China contra os milionários

Foi uma surpresa para os investidores internacionais, que nas últimas décadas se acostumaram a apostar na expansão da China, em vias de se transformar na maior economia do mundo. Nos últimos dias, o governo chinês tomou duras medidas para aumentar o controle sobre as empresas, o mercado financeiro e o comércio eletrônico. Essa escalada não poupou nem as estrelas do “socialismo de Mercado” inaugurado pelos chineses: os novos bilionários.

O MANDARIM O presidente Xi planeja obter um terceiro mandato em 2022 (Crédito: Aly Song)

Há meses o PC chinês tem reforçado seu controle sobre as corporações, mas não se imaginava que isso afetaria o motor do crescimento do país, as gigantes tecnológicas e de comércio e as startups responsáveis em aumentar a produtividade e colocar a China na vanguarda das transformações digitais. Mas foi exatamente isso que o governo sinalizou. Um terremoto sacudiu o mercado de capitais quando a autoridade da área informou na segunda-feira, 23, que foi suspensa a abertura de capital de 40 empresas nas bolsas de valores. Os índices já acumulam quedas de 11% em Hong Kong e 6% em Xangai, desde julho.

Esse avanço estatal mudou o consenso que vigorava até o momento entre os observadores estrangeiros: de que as empresas seriam poupadas, em nome do crescimento. Agora, os investimentos estrangeiros despencam e já se admite que a expansão será afetada. “A cada novo anúncio do governo, aumenta a cautela dos investidores com os ativos chineses. Mas o que acontece nas bolsas de valores demora a se refletir na economia”, diz João Leal, economista da Rio Bravo Investimentos. Ele observa que o forte crescimento da economia chinesa é puxado tanto pelo aumento da demanda interna como da externa. A dependência mundial pelos produtos e componentes chineses dá ao Partido Comunista o espaço para intervir na economia e regulamentar setores inteiros, a despeito do que pensam críticos e investidores. “O plano quinquenal do PC projeta uma expansão sustentada de 7% por ano no PIB, aumentando a regulamentação. Outros objetivos são a redução das emissões de carbono e das desigualdades sociais, que aumentaram”.

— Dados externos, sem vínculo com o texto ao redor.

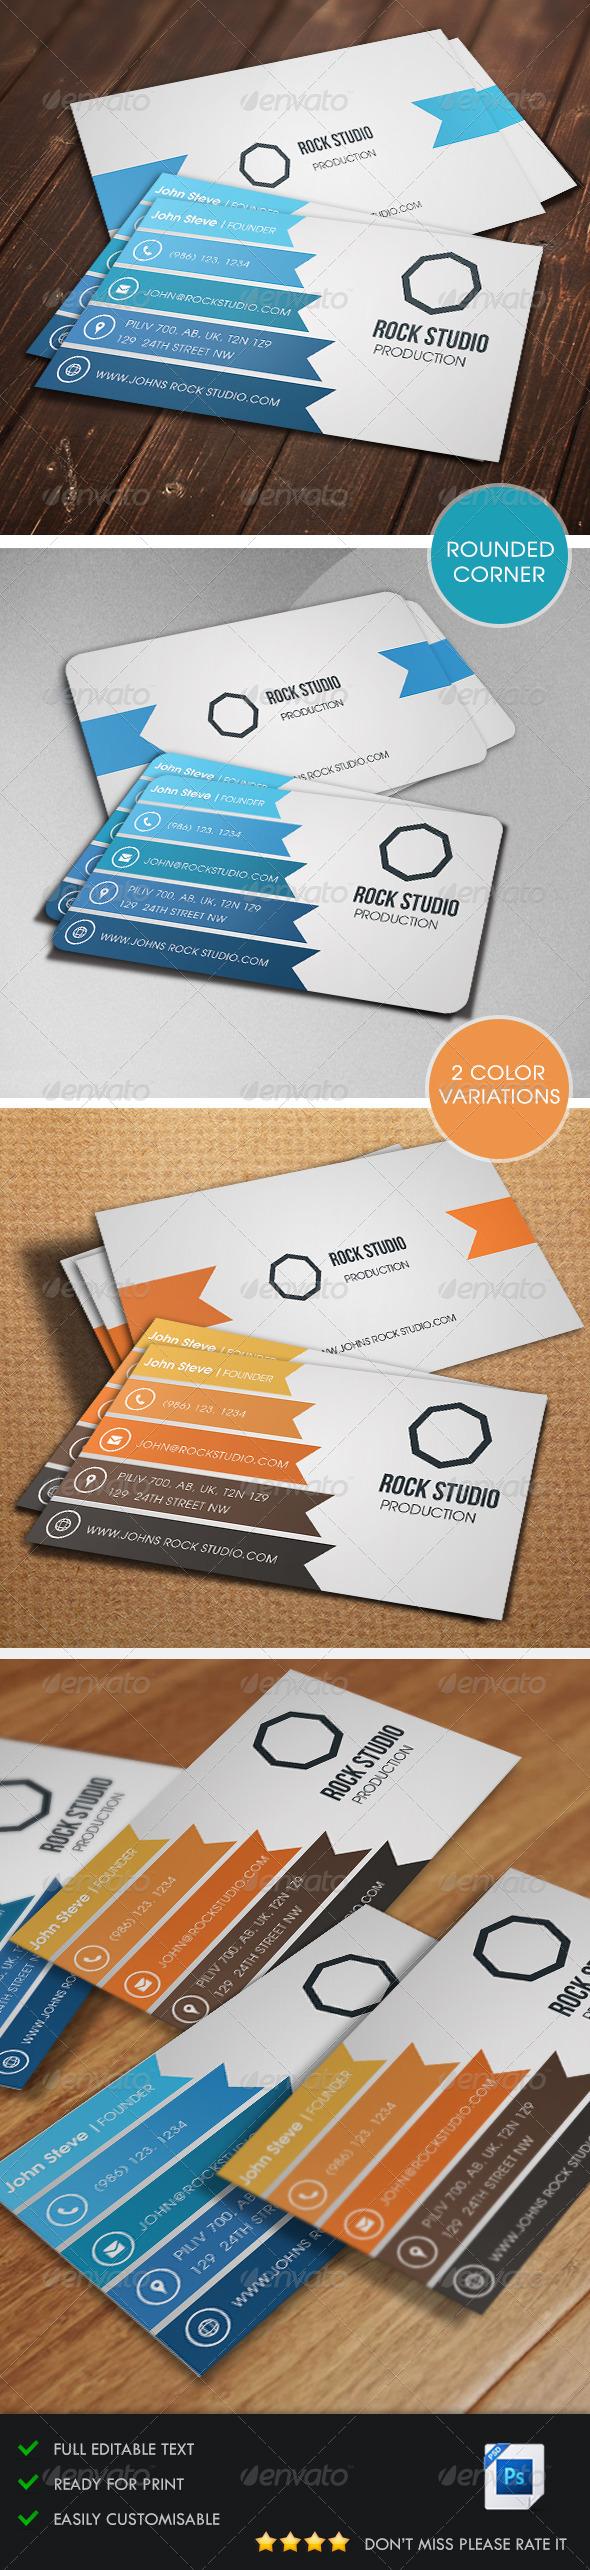 GraphicRiver Creative Business Card v2 5486397

O caso dos magnatas evidencia que o PC não teme desestimular a formação de novos empresários. Dois episódios recentes ilustram o preço de criticar o regime nas redes sociais. O líder do agronegócio Sun Dawu foi condenado a 18 anos de reclusão por “espalhar a sedição e provocar problemas”. E o magnata Ren Zhiqiang pegou pena igual, por “corrupção e suborno”. Foram punições mais pesadas que sofreu Jack Ma, dono do conglomerado Ant Group. Ma criticou a regulamentação em outubro de 2020, sumiu e só reapareceu em janeiro. Em novembro, o governo suspendeu o IPO da sua companhia. A matriz do site Ali Baba e do sistema de pagamentos Ali Pay era considerada a “Amazon chinesa”. O IPO do Ant seria o maior da história, avaliado em US$ 37 bilhões (R$ 194 bilhões). Esse não foi o único ícone do capitalismo chinês a sofrer. Em julho, o governo suspendeu o aplicativo de transportes Didi, quatro dias após a empresa fazer o IPO na Bolsa de Nova York. “Esses dois eventos acenderam a luz amarela no mercado financeiro. A partir daí, o investidor começou a precificar a regulamentação”, diz Leal. Também sofreram restrições a Tencent Group, gigante dos videogames, e o Baidu, o principal motor de buscas da Internet na China e um grande player na segurança da informação.

Retórica anticapitalista

Também há uma escalada retórica contra os valores capitalistas que garantiram maior competição e crescimento. O presidente Xi Jinping declarou que o país precisa “ajustar o lucro excessivamente alto e corrigir a distribuição de renda”. No dia 23 de agosto, o Painel Legislativo anunciou uma nova lei de proteção à informação pessoal para todas as empresas de tecnologia. Ao contrário da lei homóloga implantada pela Europa, que objetiva proteger a privacidade e os direitos individuais, essa norma visa manter o poder sobre as companhias e as pessoas. A China considera que a informação é o “petróleo do século XXI”, e quer garantir o controle estatal sobre essa riqueza, mesmo que isso afete o dinamismo da economia e mantenha a retrógrada ideologia comunista.